Supreme Court of California
Apr 1, 1867
32 Cal. 219 (Cal. 1867)

Opinion

[Syllabus Material] [Syllabus Material] [Syllabus Material] [Syllabus Material] [Syllabus Material]          Appeal from the District Court, Sixth Judicial District, Sacramento County.

         Job F. Dye had a grant of land made to him by the Mexican Government, which was confirmed by the United States. On the 19th day of November, 1857, he entered into the following contract with Fratt and King:

         " Memorandum of a contract made this day between J. F. Dye of the first part, and Francis W. Fratt and Thomas F. King of the second part, to wit: The said J. F. Dye does agree to sell to the second party eight thousand acres of land, more or less, as may be found to be contained within the boundaries as described. To commence at the mouth of Antelope Creek; thence running up the River Sacramento to the old wood yard to a sycamore tree, marked with four notches; thence parallel with J. F. Dye's south line to Antelope Creek; thence up the centre of Antelope Creek to a large oak tree, about three hundred and fifty yards below the mouth of a slough running out of Antelope Creek through the prairie emptying in the Antelope again; thence east running parallel with J. F. Dye's south line to J. F. Dye's eastern boundary line, as surveyed by order of the Surveyor-General; thence southerly to J. F. Dye's southeast corner; thence to the place of beginning. Also, to deliver five hundred head of branded cattle, large and small, as they may come. Provided that the party of the second pay unto the said J. F. Dye twenty-six thousand dollars."

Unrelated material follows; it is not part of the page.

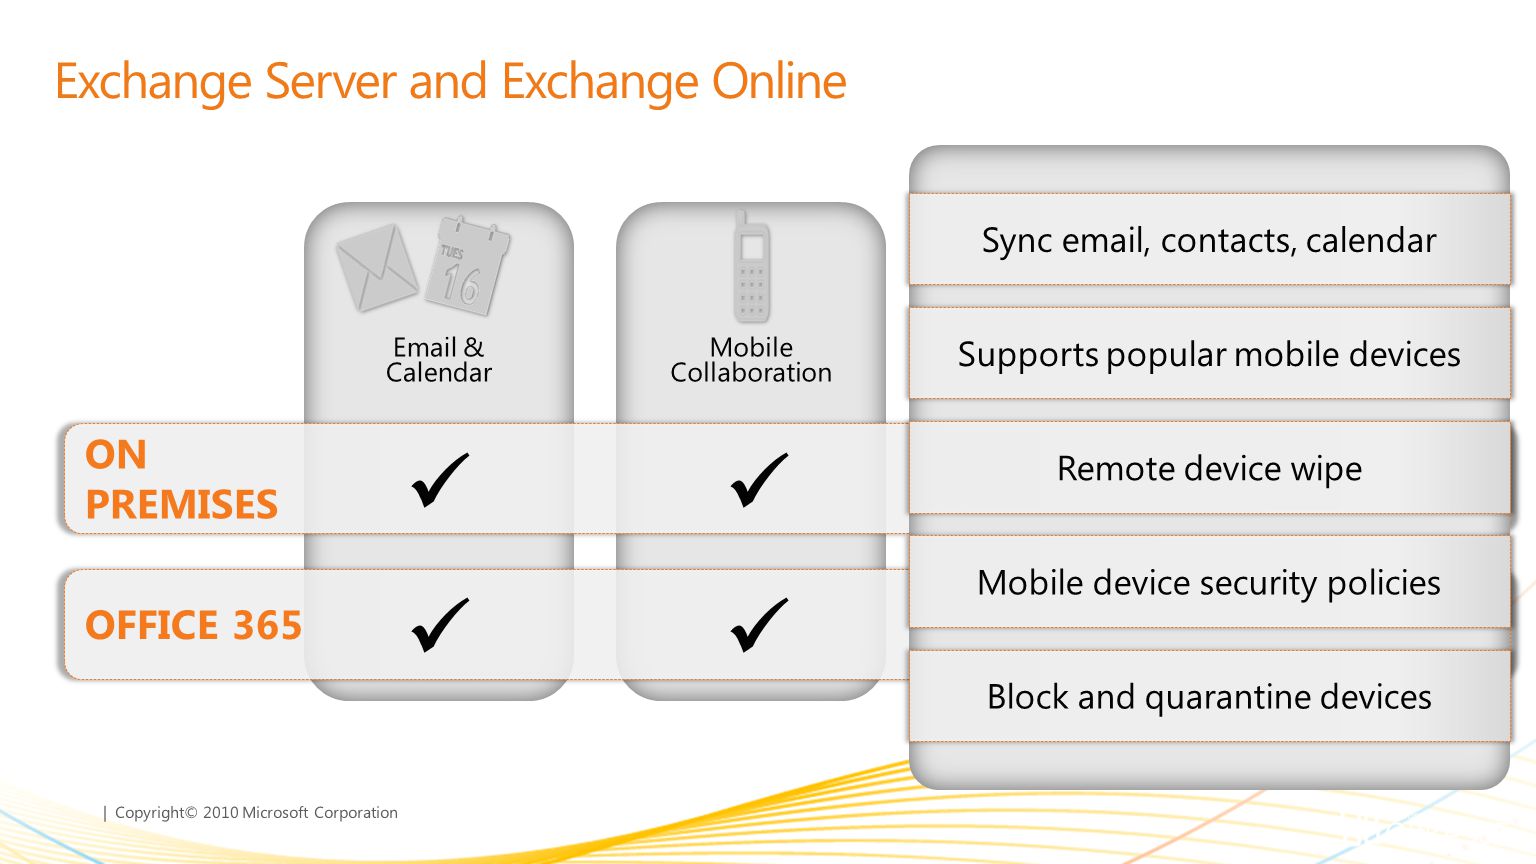 Exchange Server and Exchange Online

         On the 24th day of November, 1857, he executed to said Fratt and King a deed of the land containing the following description:

         " All the certain lot, piece or parcel of land situate, lying and being in the County of Tehama, State of California, and known and designated as follows: All that certain tract or parcel of land being a part of what is known as the Antelope Ranch, lying upon the eastern side of the Sacramento River, and beginning at a point on the eastern bank of the Sacramento River at the Junction of Antelope Creek with said river; thence following the meanderings of said river northerly to a sycamore tree, with four notches, standing on the east bank of said river above an old wood yard at a point about one and a half miles in a direct line from said point of beginning; thence running easterly parallel with the southern line of said Antelope Ranch, according to the survey of the same, made by the United States Surveyor-General for said State, to said Antelope Creek; thence up the centre of said Antelope Creek to a point about four and a half miles up said creek, above where the said line strikes the same, to an oak tree on the eastern bank of said creek marked with three notches; thence parallel with said southern line to the eastern line of said ranch, according to said survey, and thence down the said eastern line to the southeastern corner of said ranch, and thence along the southern line of said ranch to the point of beginning, containing eight thousand acres."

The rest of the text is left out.